- DVD cover of Series One and Two
- Genre: Crime drama
- Created by: Elizabeth George
- Starring: Nathaniel Parker Sharon Small Lesley Vickerage Catherine Russell Paul Hickey Shaun Parkes Emma Fielding
- Country of origin: United Kingdom
- Original language: English
- No. of series: 6
- No. of episodes: 24

Production
- Executive producer: Ruth Baumgarten
- Producer: Sally Haynes
- Running time: 90 minutes

Original release
- Network: BBC One
- Release: 12 March 2001 – 1 June 2008

= The Inspector Lynley Mysteries =

British television crime drama series (2001–2008)

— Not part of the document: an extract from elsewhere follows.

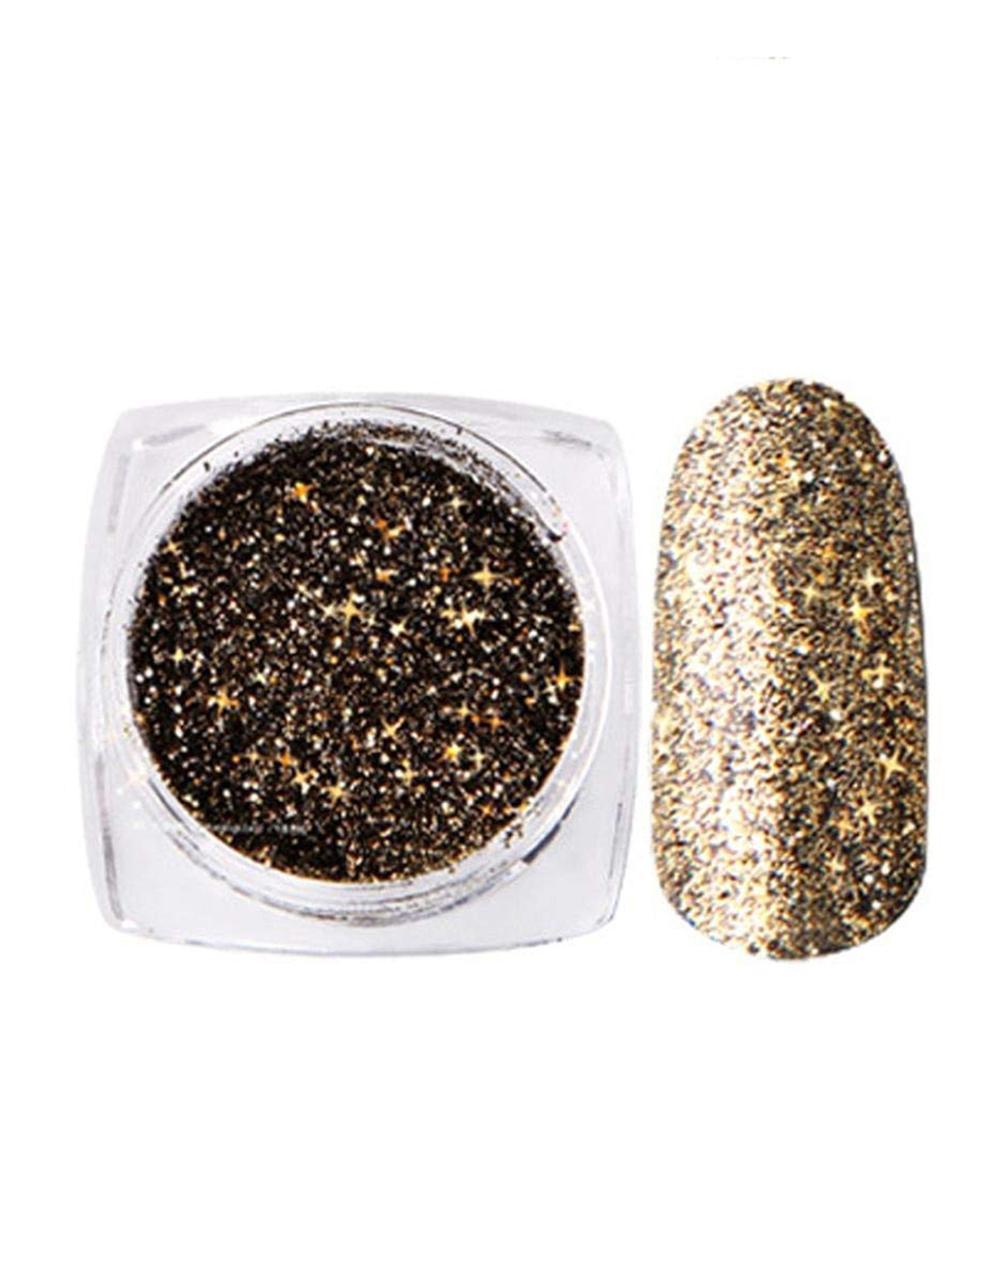 DesiButik's Nail Art Glitter Powder Golden And Black NC08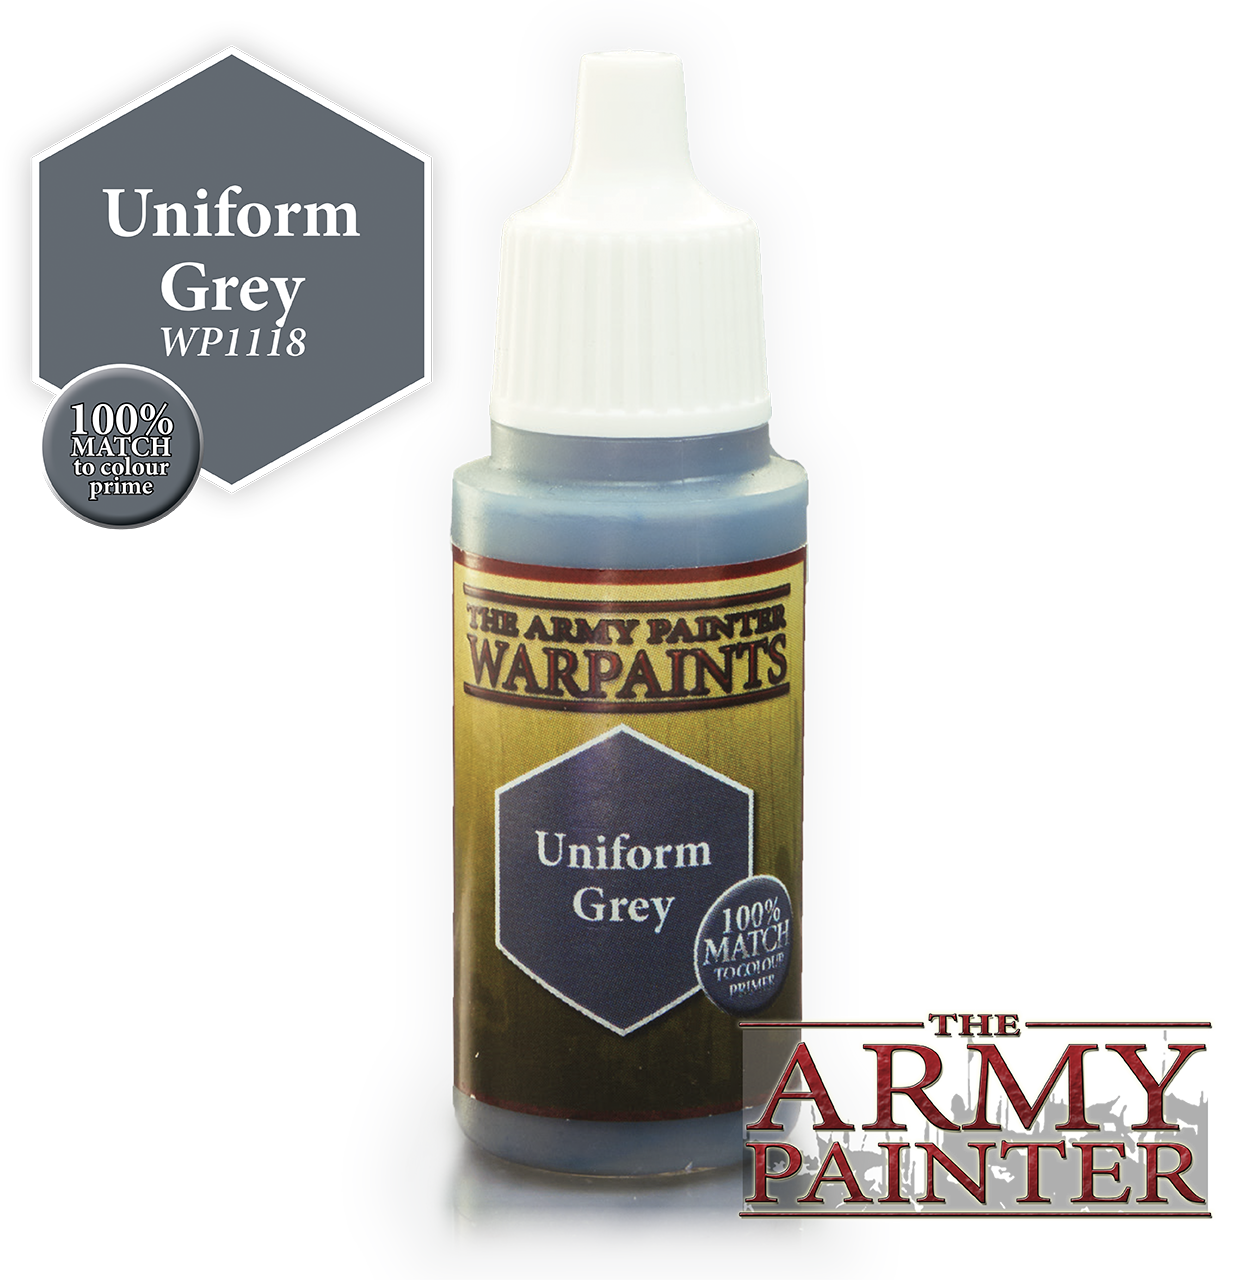 The ARMY PAINTER: Acrylics Warpaint - Uniform Grey | Tacoma Games

The Inspector Lynley Mysteries is a British crime drama television series that aired on BBC One from 12 March 2001 to 1 June 2008, and is available to stream on BritBox. Based on novels by the American writer Elizabeth George, it comprises six series and 24 episodes. The protagonist, Detective Inspector Tommy Lynley, 8th Earl of Asherton (Nathaniel Parker), is assigned to the Metropolitan Police and finds himself paired with Detective Sergeant Barbara Havers (Sharon Small). In addition to the tensions involved in solving murder cases, the series is built on clashes of personality, gender and class: Lynley is a polished man and a peer of the realm, and Havers is an untidy woman from a working-class background.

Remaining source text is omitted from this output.